* _Data section_
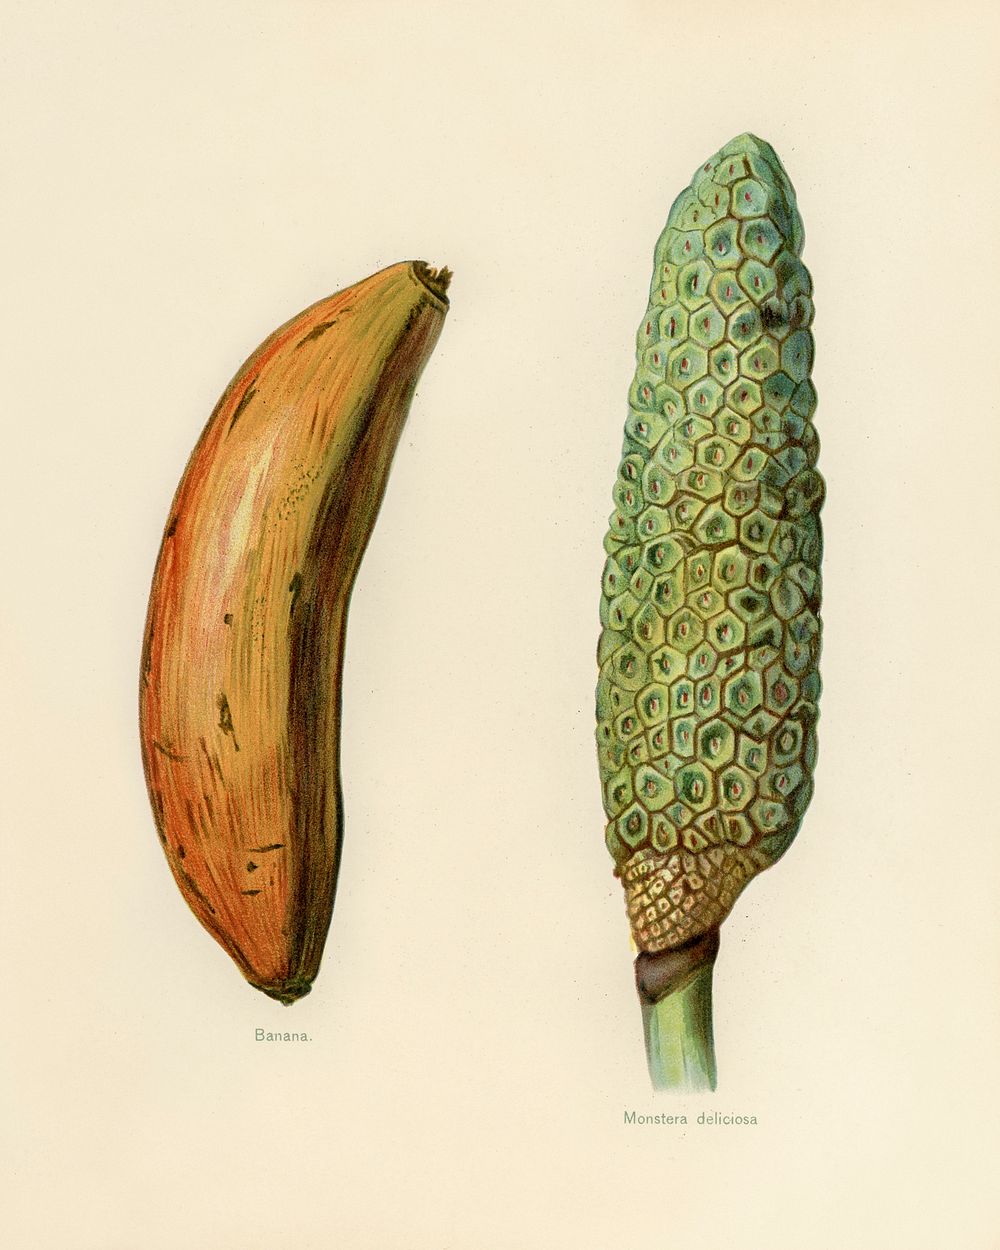 Vintage illustration of banana, monstera deliciosa digitally enhanced from our own vintage edition of The Fruit Grower's…
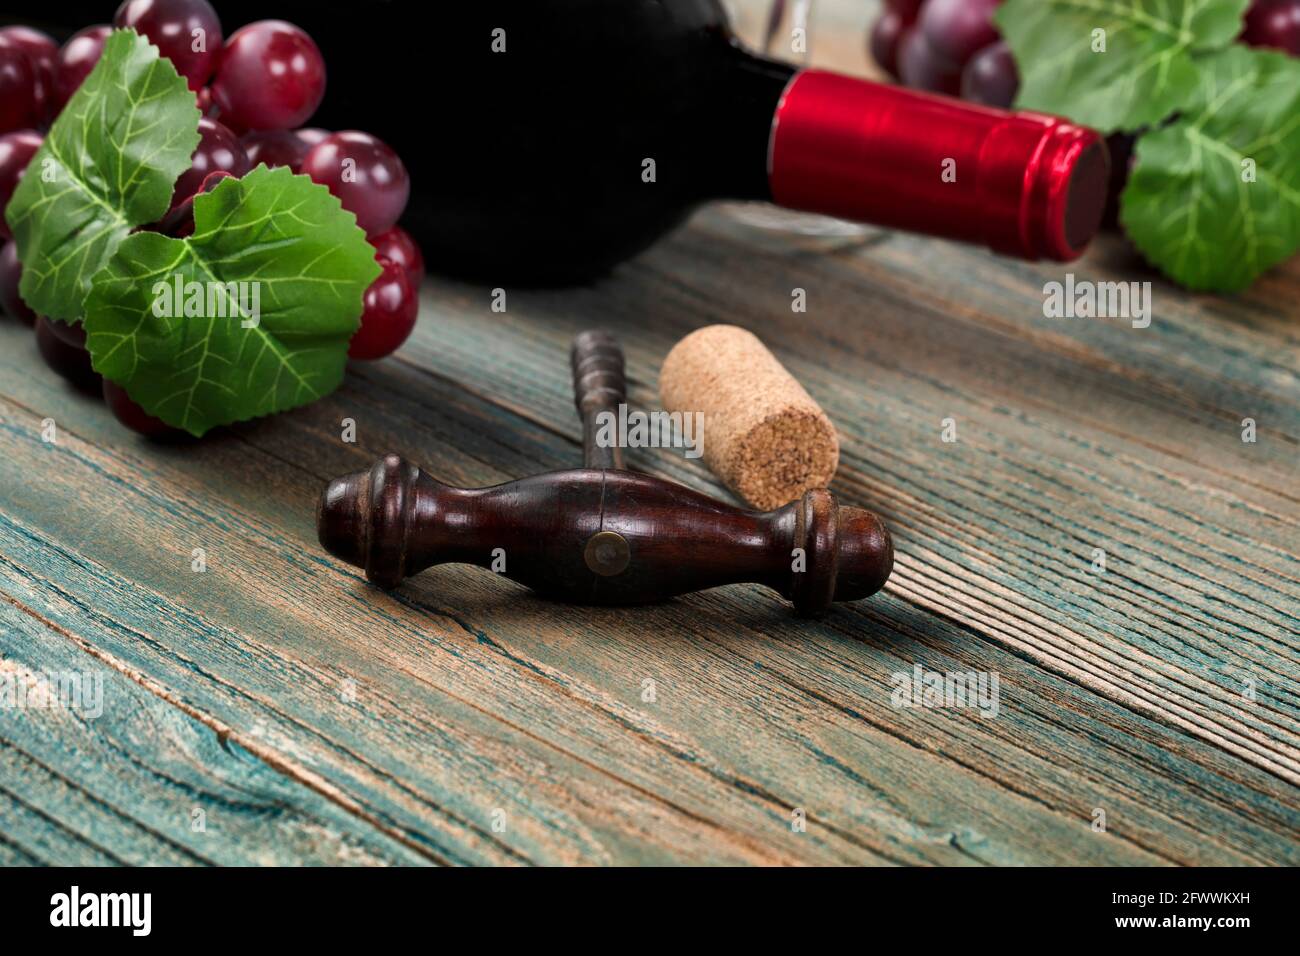 Select focus of vintage corkscrew with grapes and wine bottle in background on blue rustic wood planks Stock Photo
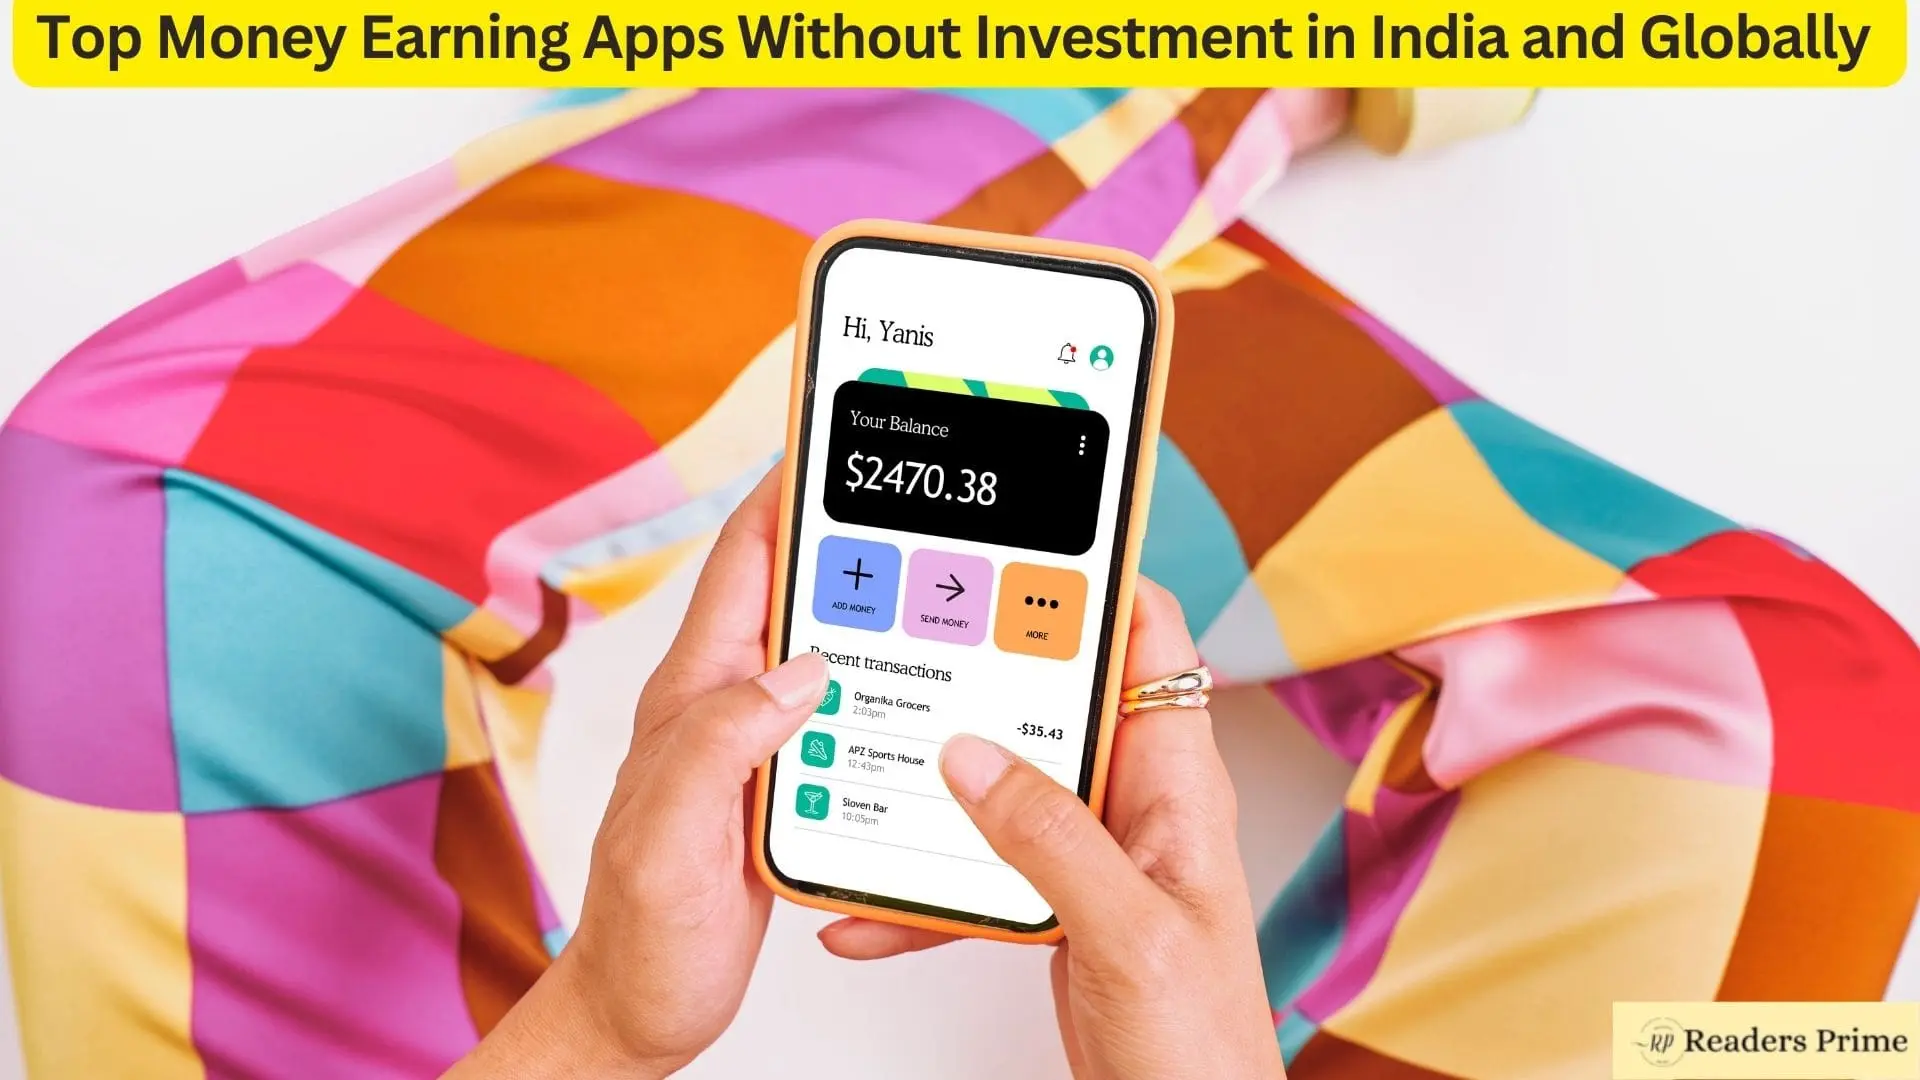 Top-Money-Earning-Apps-Without-Investment-in-India-and-Globally-min
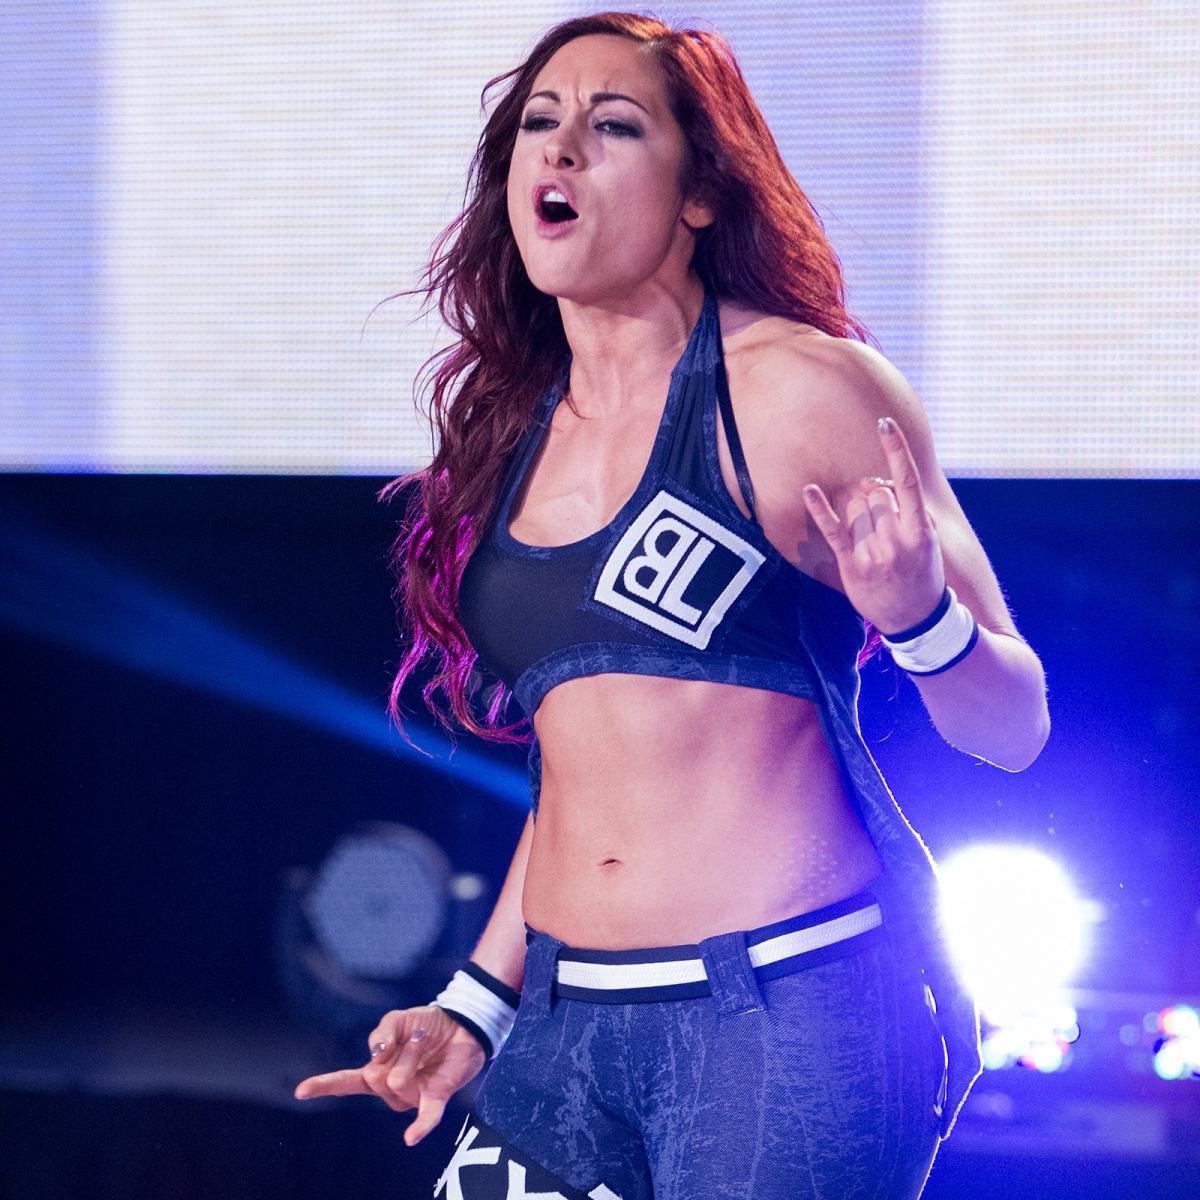 Day 83 of missing Becky Lynch from our screens!

* _What the exercise asks_
Once the images are set aside, retype all of the material above exactly.

* _Exercise output_
 Vintage illustration of banana, monstera deliciosa digitally enhanced from our own vintage edition of The Fruit Grower's…
 Select focus of vintage corkscrew with grapes and wine bottle in background on blue rustic wood planks Stock Photo
 Top-Money-Earning-Apps-Without-Investment-in-India-and-Globally-min
 Day 83 of missing Becky Lynch from our screens!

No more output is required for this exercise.